Por: Darío Silva-Silva

Algunos piensan que ISIS y movimientos similares que hoy estremecen al mundo son algo novedoso. Sin embargo, el terrorismo islámico no ha nacido por generación espontánea; es un producto de la milenaria pugna Oriente-Occidente, y tiene sus motivaciones en los abusos de las potencias coloniales europeas que se enseñorearon de los países árabes en una acción de efecto retardado por el fracaso de las Cruzadas. Durante éstas, triste es reconocerlo, el Cristianismo perdió algunos de sus más fuertes bastiones: el norte de África, la costa occidental de Asia, Turquía y parte de los Balcanes.

Gracias a los Reyes Católicos de España, el Viejo Mundo no fue capturado para siempre por los fieles de Alá; pero no es cosa de poca monta la declaración de Osama Bin Laden de que España le pertenece al Islam históricamente y este se prepara a reconquistarla, para vengarse de una buena vez de los excesos del capitalismo y el colonialismo, que crearon una brecha colosal, pese a esfuerzos como el del popular coronel Lawrence de Arabia. Para los fieles del Islam es inaceptable que la tercera parte de la población mundial disfrute de la riqueza, mientras la Umma, es decir, la comunidad musulmana, se reparte las migajas. Tal estado de iniquidad es de origen satánico para ellos y debe ser combatido mediante la Yihad, o guerra santa.

Curiosamente, en el pasado más o menos próximo, líderes del propio ámbito islámico se rebelaron con éxito contra los gobernantes de sus países porque, precisamente, estos se apropiaron de las enormes riquezas nacionales ante unas masas famélicas a las que los insurgentes prometieron liberar. Así cayeron los reyes Idris de Libia y Faruq de Egipto, e irrumpieron en el escenario mundial Kadafhi y Nasser.

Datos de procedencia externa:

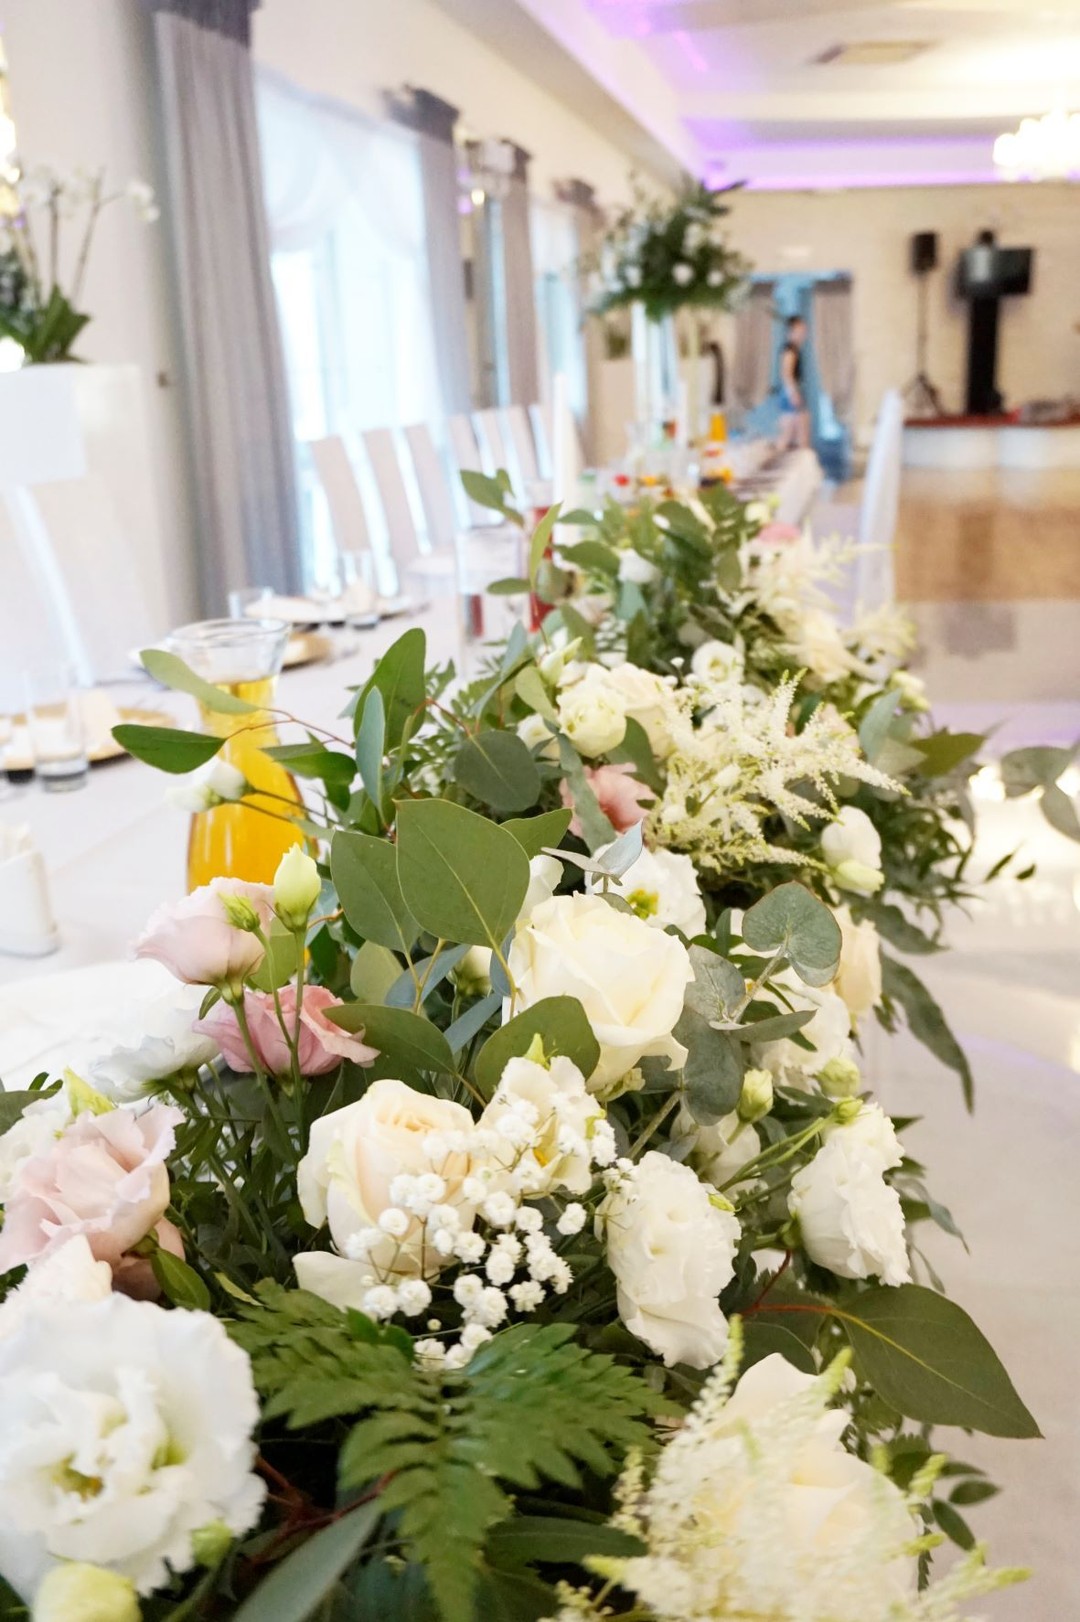 Frontowa dekoracja stołu prezydialnego pełna kwiatów i zieleni

En el ámbito occidental hay un integrismo católico-romano de corte ultramontano en el movimiento Sodalitium de Umberto Benigni, y en el ala cismática e hiperconservadora que acaudillara el obispo francés Marcel Lefebvre, así como en algunos sectores cavernarios del Opus Dei, que fundara el español Escrivá de Balaguer.

Si hemos de hacer un poco de sana autocrítica protestante, es necesario mencionar, por lo menos, al Ku Klux Klan. Hoy en día se detectan algunos brotes esporádicos del mismo corte en quienes perpetran atentados contra clínicas de abortos o piden abiertamente la pena de muerte para los homosexuales.

No puede soslayarse, de otro lado, el integrismo judío. El Gush Emunim, o ‘Bloque de la fe’, fundado en 1974, aboga porque Israel sea definitivamente un estado confesional, de fuerte identidad ante sus vecinos árabes. Propicia la recuperación de los valores de los judíos originales, el fortalecimiento de la represión contra los palestinos, la ruptura de los tratados de paz con la OLP y la creación de una serie de leyes que defienden la fe judaica de manera radical y estricta.

El gran unificador de todos los integrismos es el antimodernismo a ultranza. La ciencia y la tecnología, el progreso en sus variadas expresiones constituyen para los integristas formas de dominación satánica sobre la especie humana. Hay que oponerse, por lo tanto, a todo escepticismo, agnosticismo o ateísmo como injurias a la majestad de Dios. ¿Y qué duda cabe de eso? Lo censurable no es el rechazo de tales abominaciones, al que todo cristiano verdadero está llamado en forma perentoria, sino los métodos utilizados para hacerlo. En nombre del Príncipe de la Paz no se puede practicar el terrorismo. Aún la guerra, cuando está motivada en la justicia, tiene unos parámetros éticos que, incluso, han sido objeto de acuerdos y convenciones internacionales de obligatorio cumplimiento.

Algunos fanáticos piensan que Trump está preparando una nueva Cruzada.